(Required action) From the records below, please print only the lines from the one containing "e8eb3c60bc620 HI-TEC PLECAK" through the one containing "Geena Davis sexy, Kasia", both included. Skip the pictures.

(Data section)
···
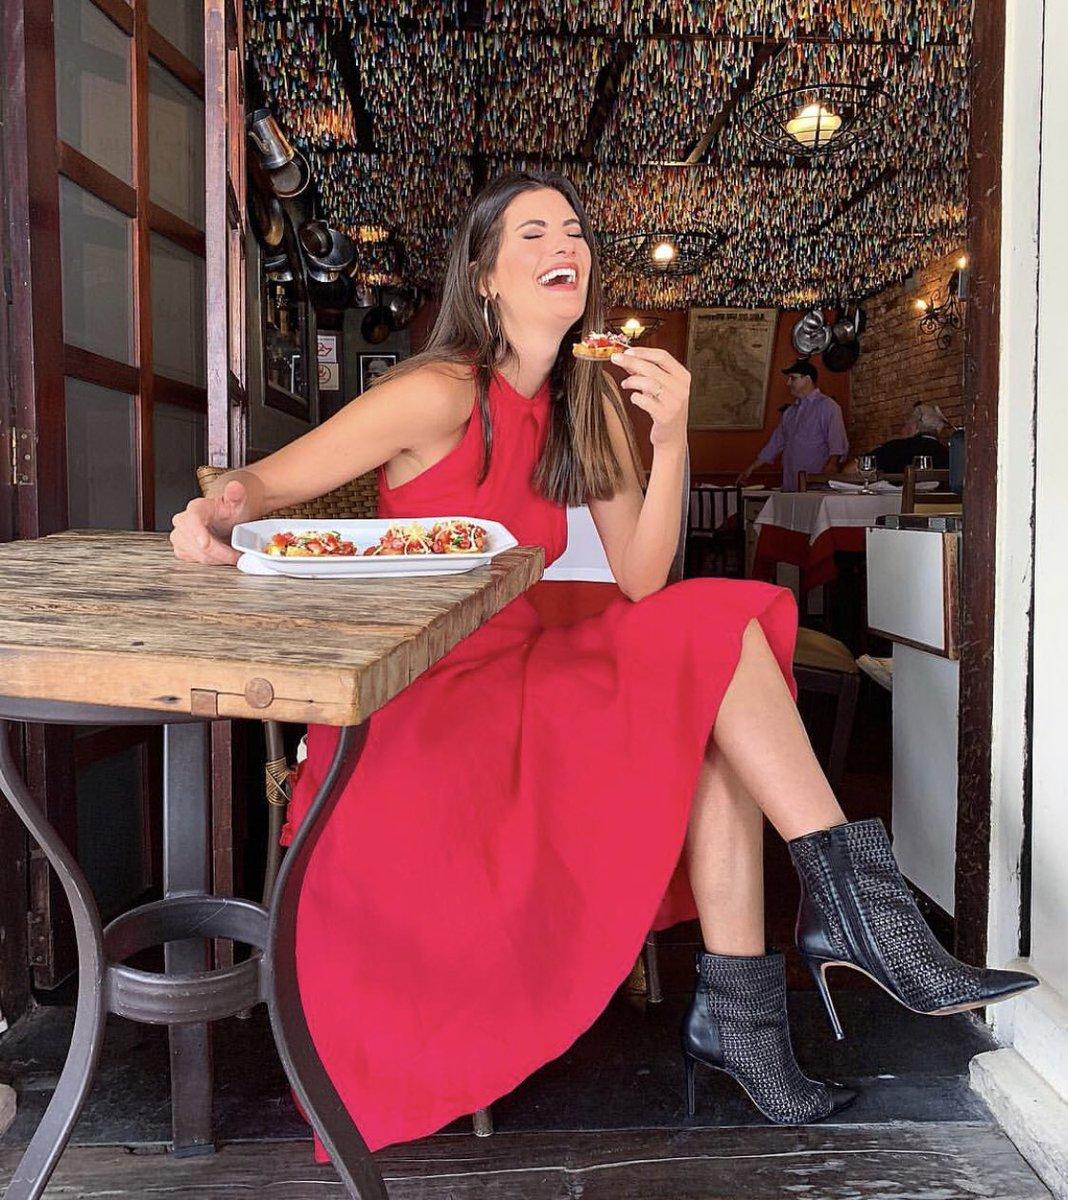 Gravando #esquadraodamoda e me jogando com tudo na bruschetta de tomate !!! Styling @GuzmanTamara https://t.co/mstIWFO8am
···
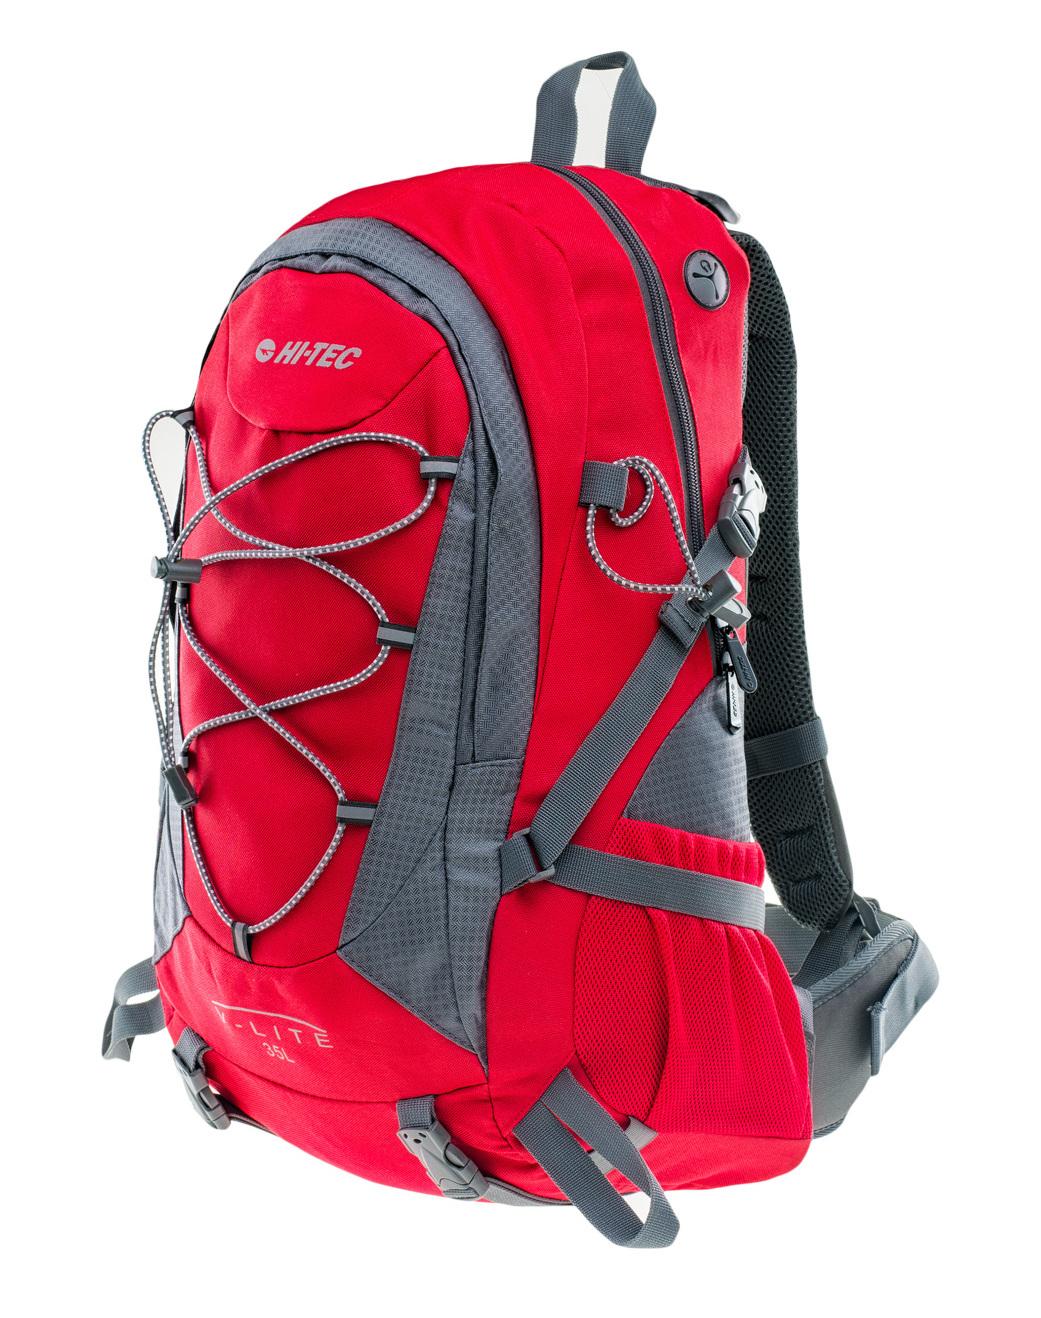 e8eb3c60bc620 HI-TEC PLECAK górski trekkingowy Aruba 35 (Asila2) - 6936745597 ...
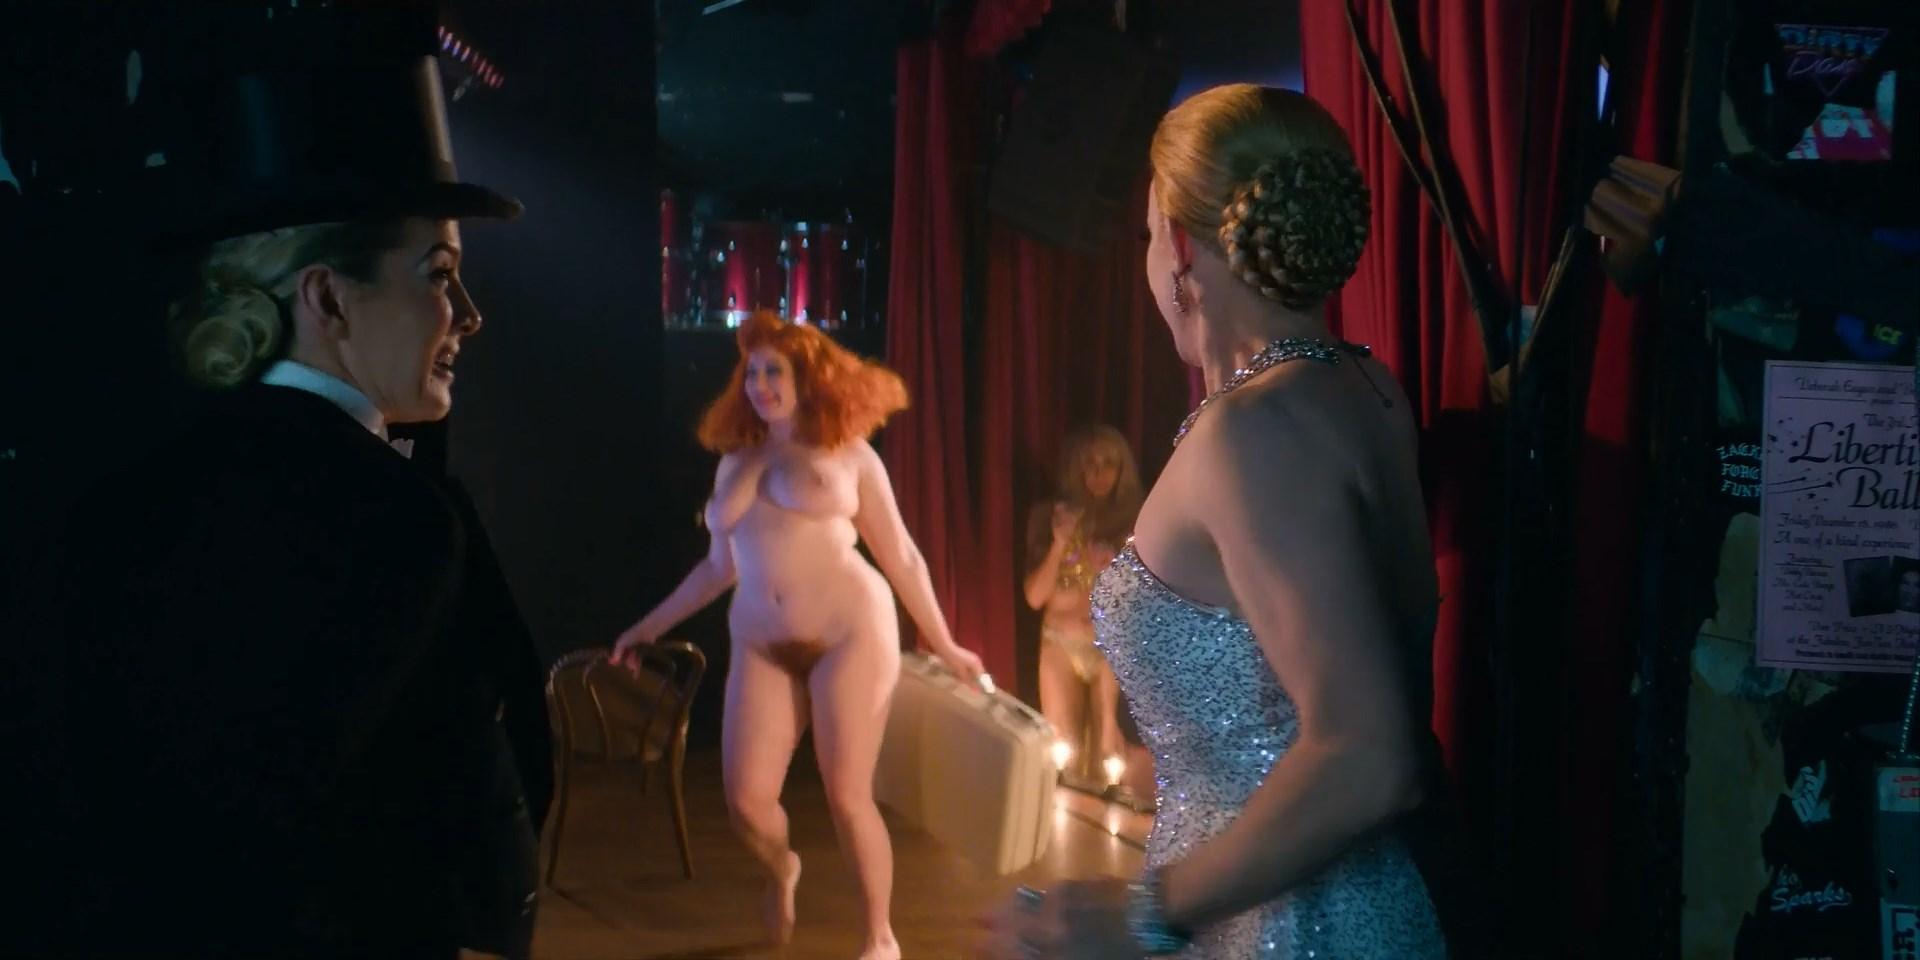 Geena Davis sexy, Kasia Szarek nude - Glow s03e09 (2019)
···
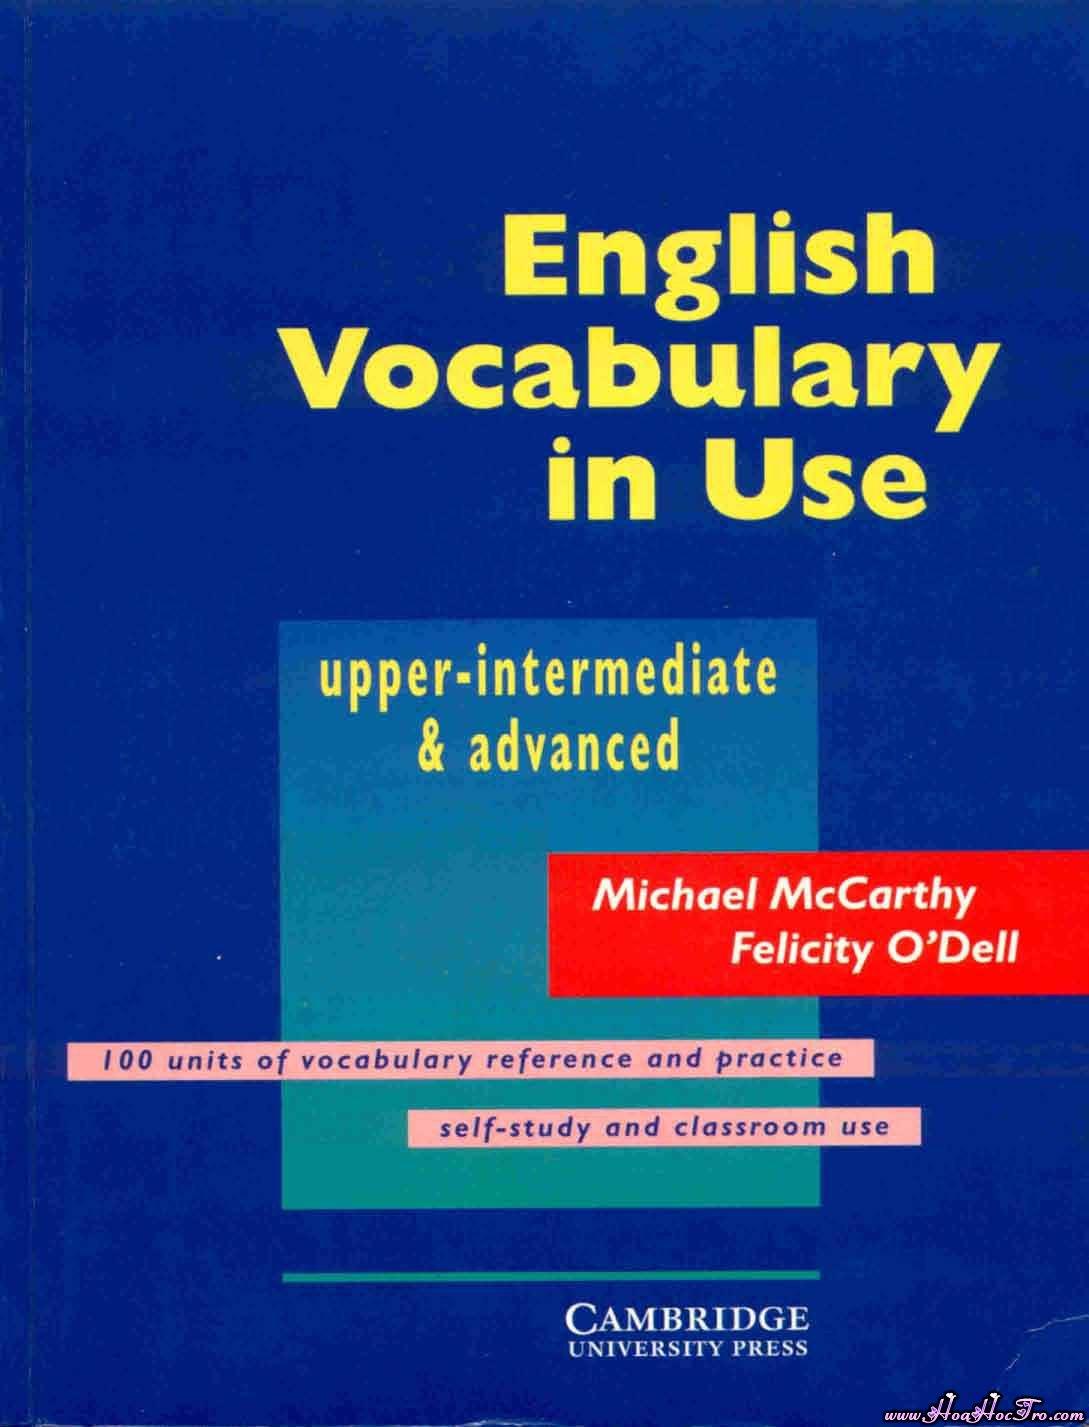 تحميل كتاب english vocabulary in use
···
(Worked solution)
 e8eb3c60bc620 HI-TEC PLECAK górski trekkingowy Aruba 35 (Asila2) - 6936745597 ...
 Geena Davis sexy, Kasia Szarek nude - Glow s03e09 (2019)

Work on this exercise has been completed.